Washington Federal Bank, or WaFd Bank, the wholly owned subsidiary of WaFd, Inc. has closed on the sale of approximately $2.8 billion of multifamily commercial real estate loans to Bank of America, which in turn is selling the loans to funds managed by Pacific Investment Management Company.

According to a regulatory filing by parent company WaFd, the 2,000 multifamily loans have a current unpaid principal balance of $3.2 billion and the sale is being facilitated in a bid by the regional lender to scale down its exposure to the commercial real estate sector.

Little else was said at the time of the regulatory filing but with the deal now closed WaFd Bank is commenting on the sale, which it says represents the largest non-FDIC assisted CRE loan sale ever to its knowledge. It also noted that the sale of the multi-family loans was executed at no loss to WaFd.

WaFd Bank President and CEO Brent Beardall noted that these are high quality loans and “we believe the purchase price is reflective of the low amount of credit risk in the portfolio. Further, this sale was executed at 92-percent of principal balance.

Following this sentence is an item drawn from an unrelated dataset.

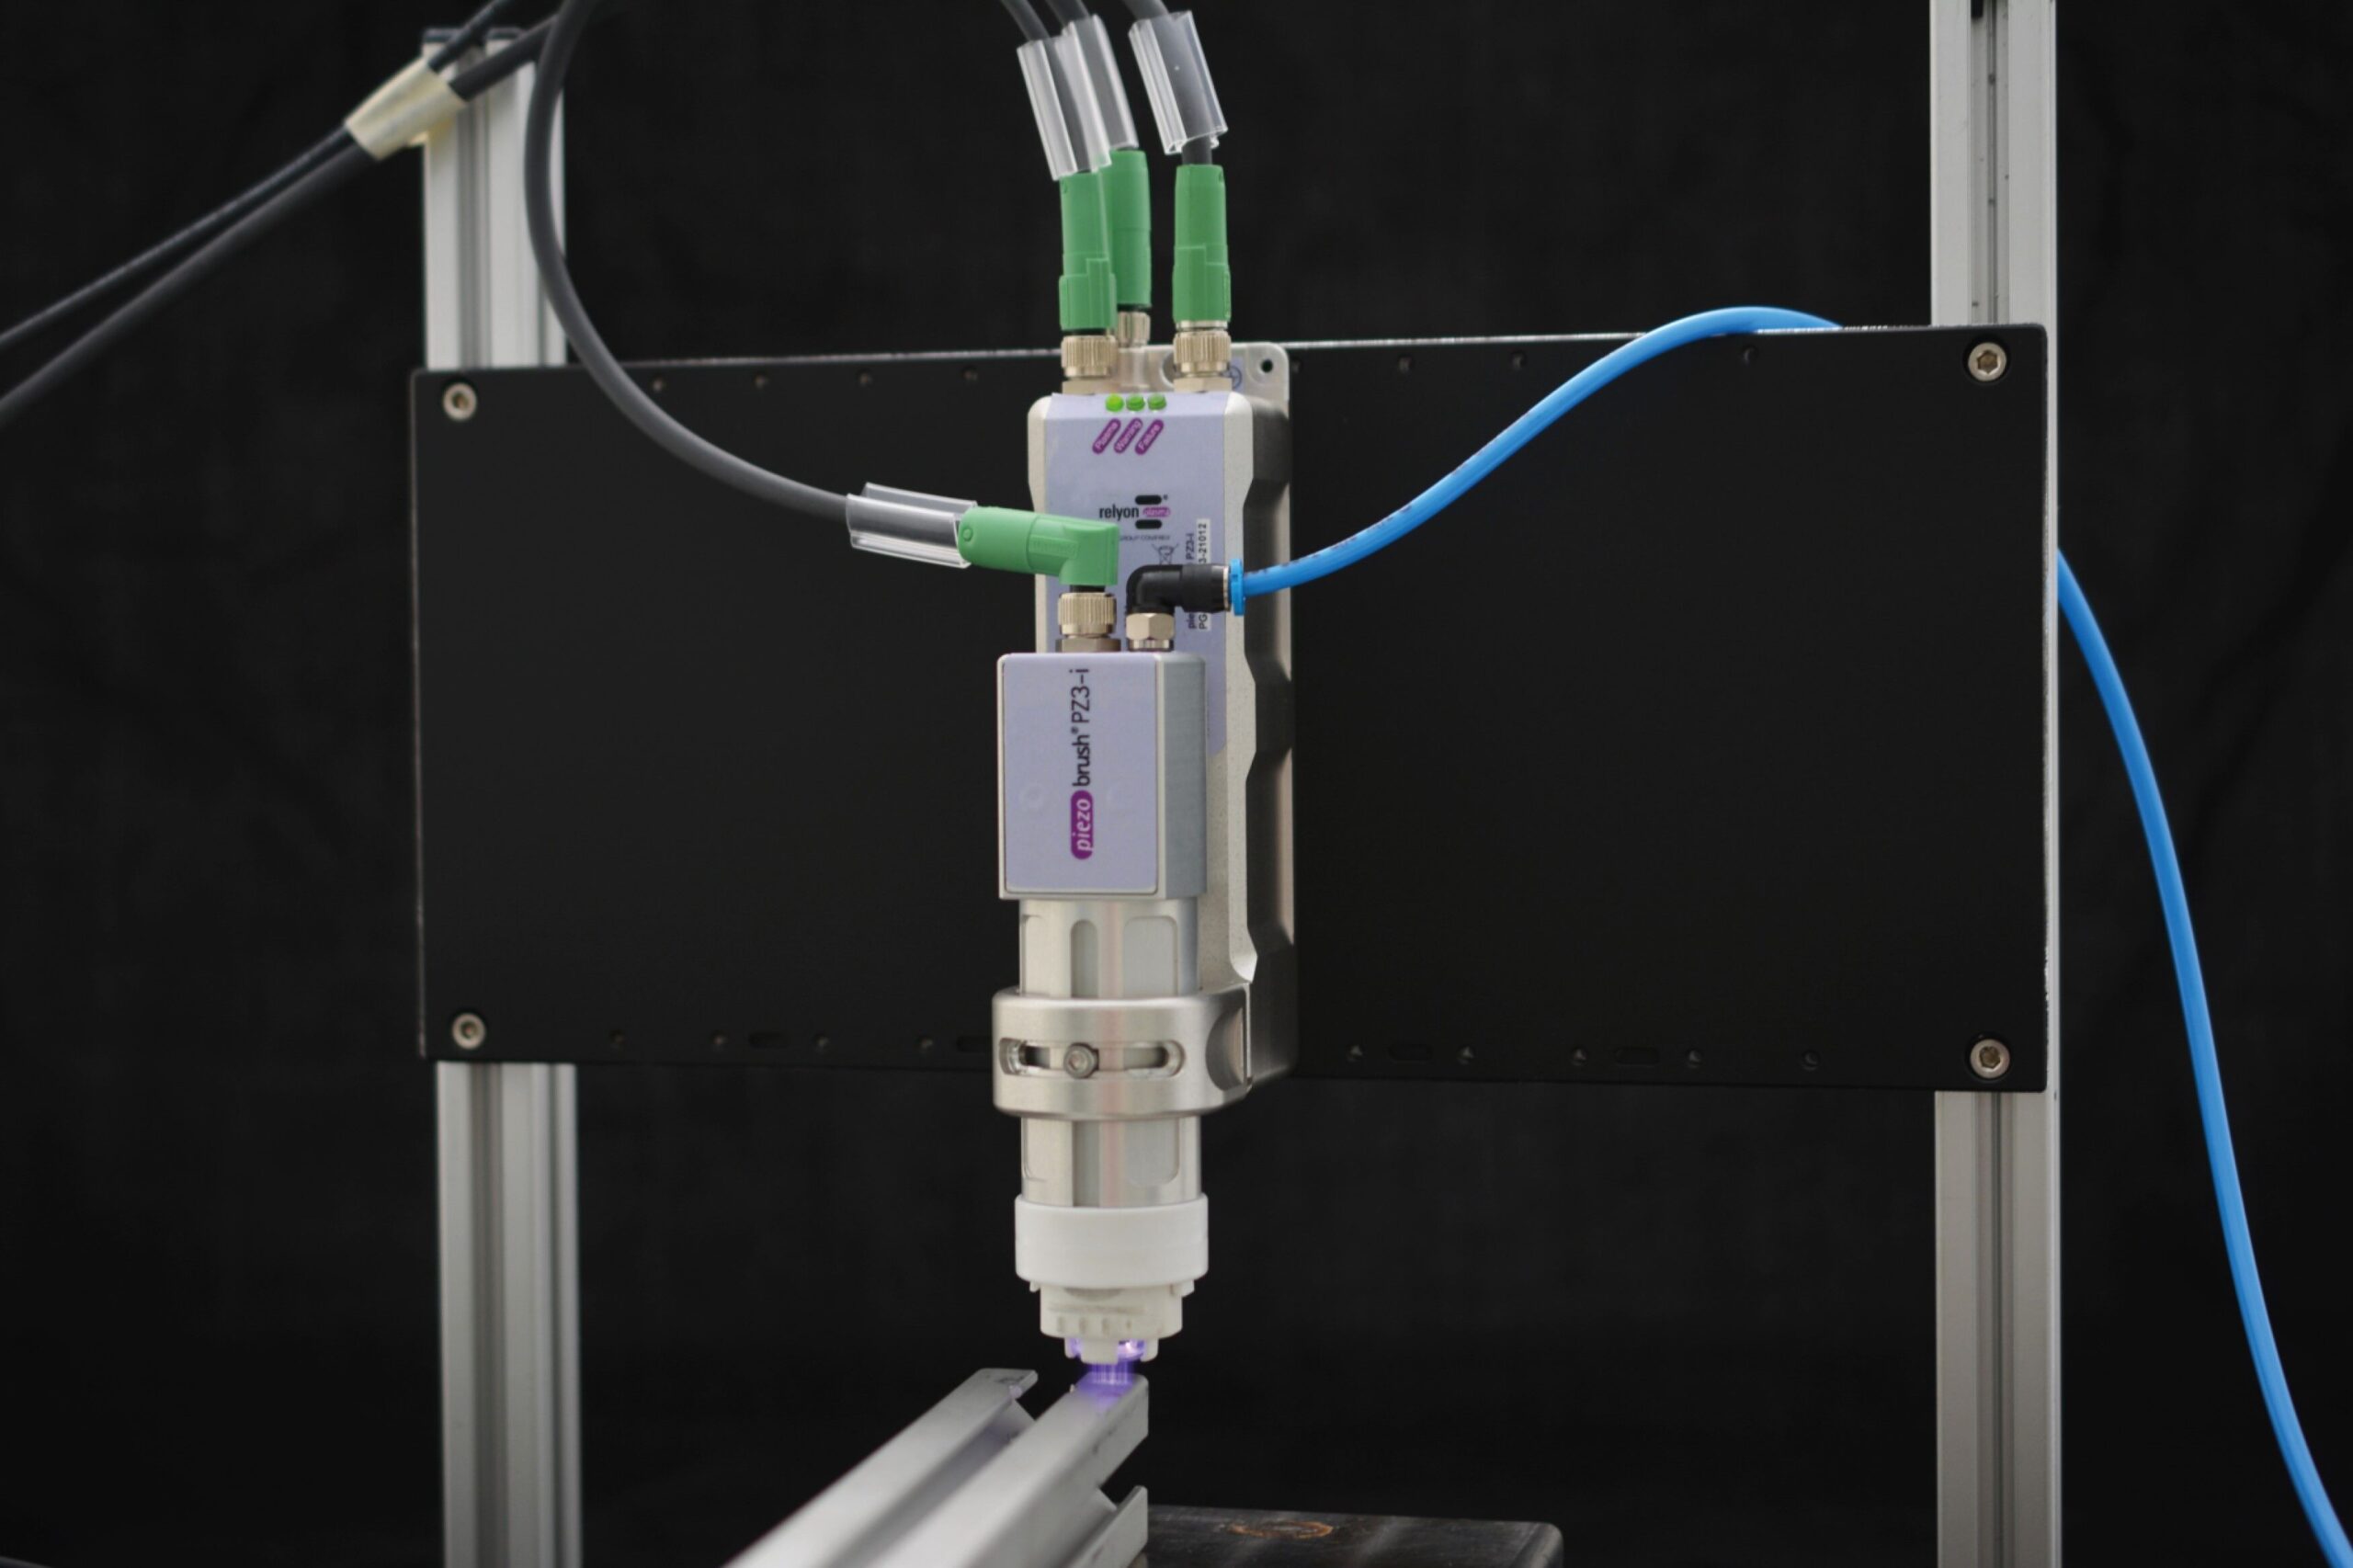 New automatable cold plasma surface treatment technology introduced

That discount is almost entirely attributable to changes in interest rates, not the quality of these CRE loans.”

Beardall also reported that these packaged loans all came from Luther Burbank Savings in the acquisition by WaFd Bank in March of this year and that the sale of CRE loans was not a condition of the merger. “WaFd Bank has previously disclosed this loan sale gives the bank several immediate options including the option to either buy down debt, originate new loans, buyback stock or a combination of all three.”